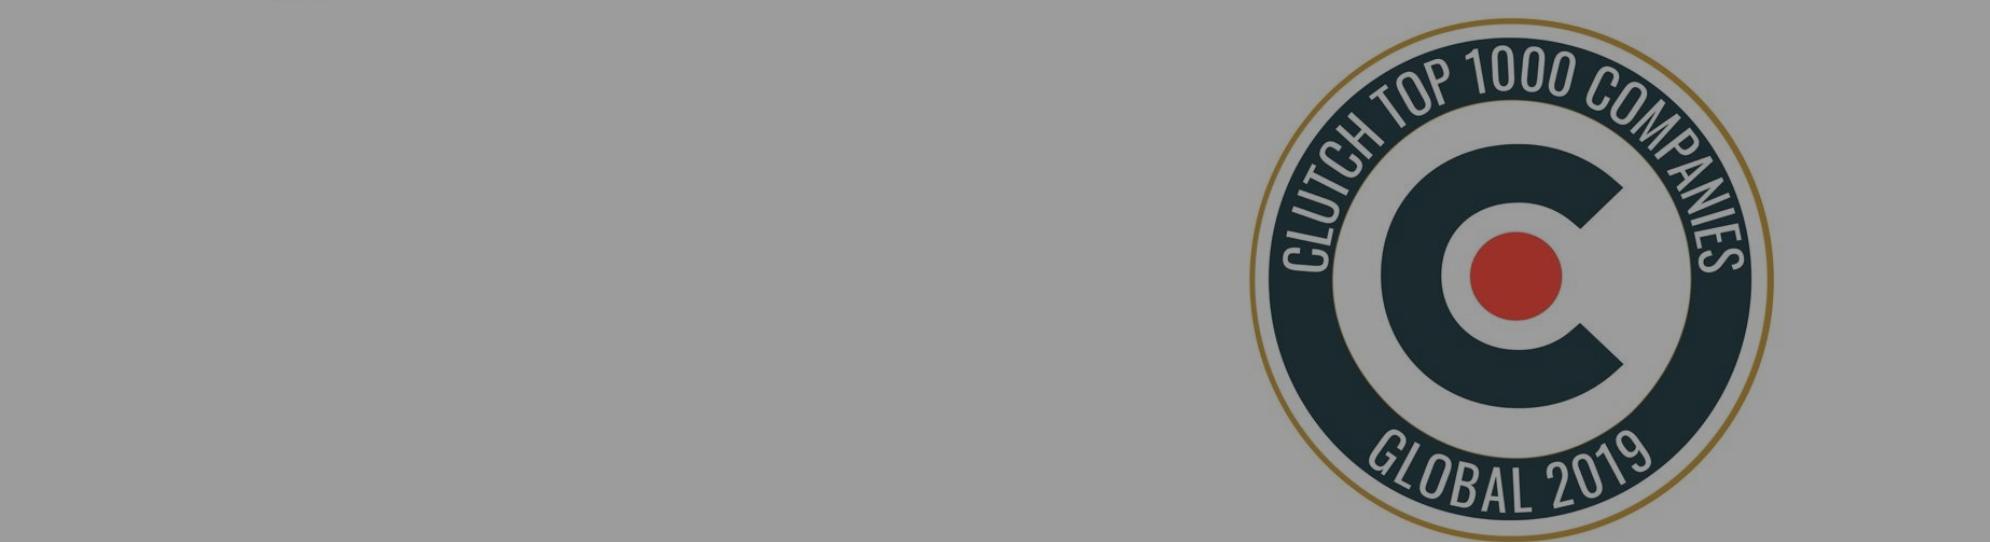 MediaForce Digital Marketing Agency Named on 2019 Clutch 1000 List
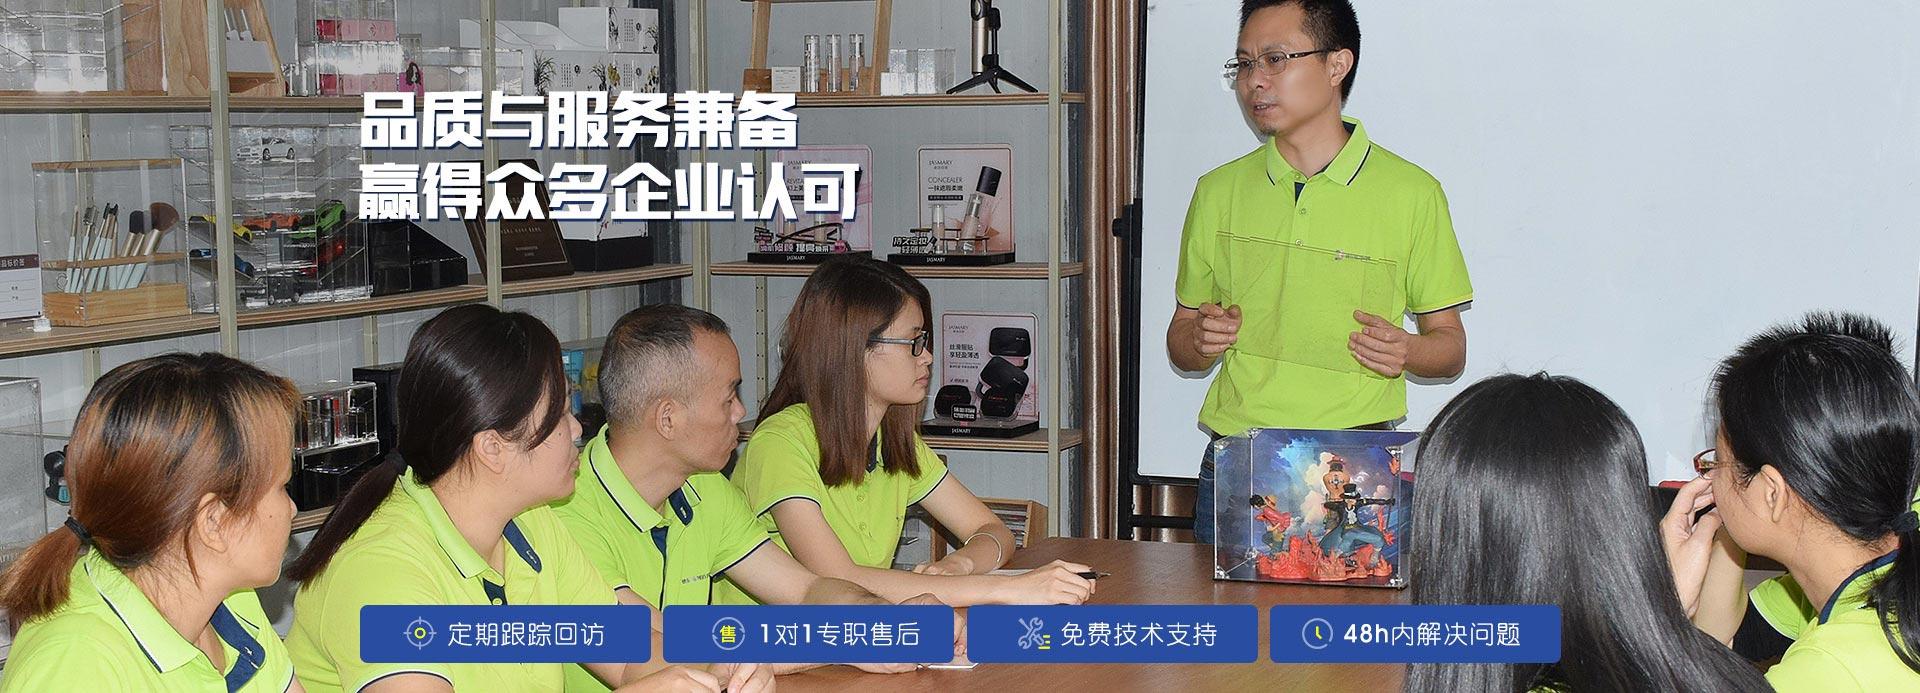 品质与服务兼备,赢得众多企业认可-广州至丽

--

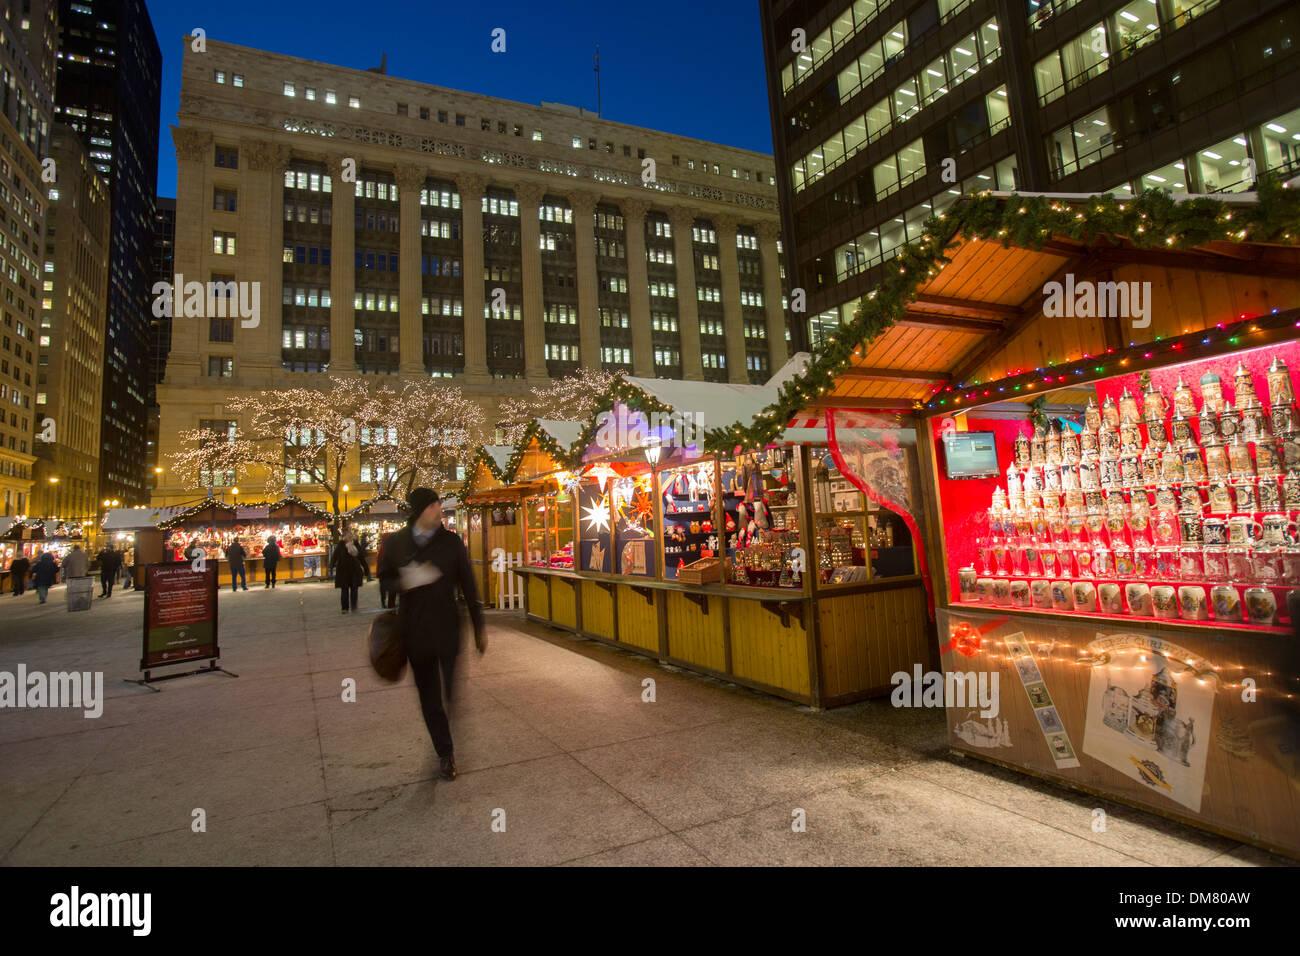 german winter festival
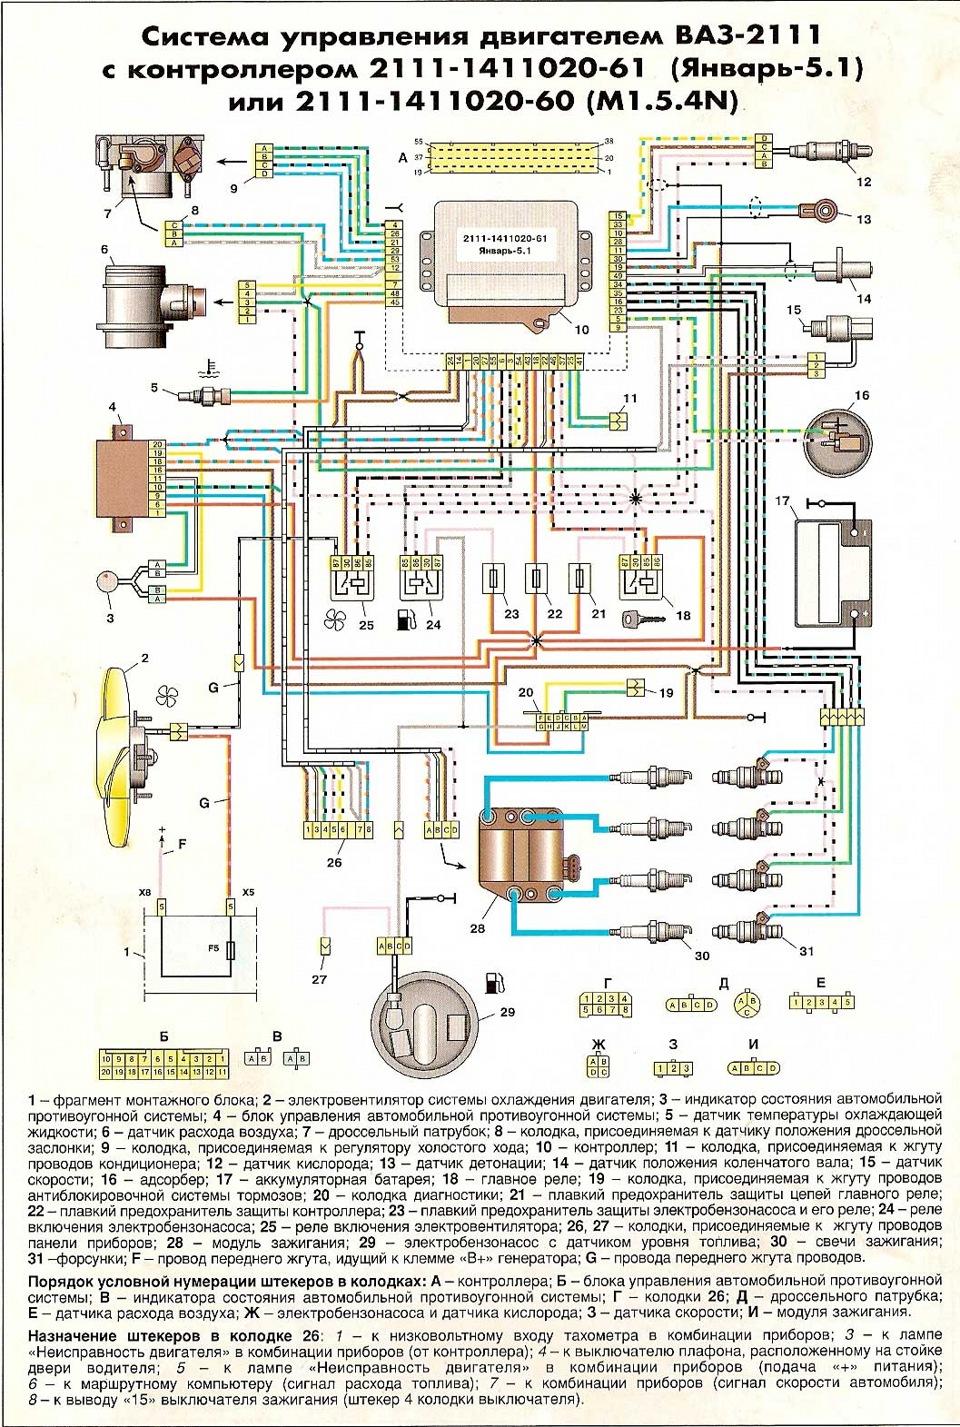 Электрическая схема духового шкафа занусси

...

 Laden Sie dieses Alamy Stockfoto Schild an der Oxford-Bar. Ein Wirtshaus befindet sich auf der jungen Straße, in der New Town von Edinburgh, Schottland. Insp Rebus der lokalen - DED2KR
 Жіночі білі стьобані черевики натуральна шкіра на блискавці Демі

WORK INSTRUCTION:
Exercise for the records above: copy only the lines from the one with "german winter festival" to the one with "Электрическая схема духового шкафа занусси", both ends kept, and drop the pictures.

EXERCISE OUTPUT:
 german winter festival
 Электрическая схема духового шкафа занусси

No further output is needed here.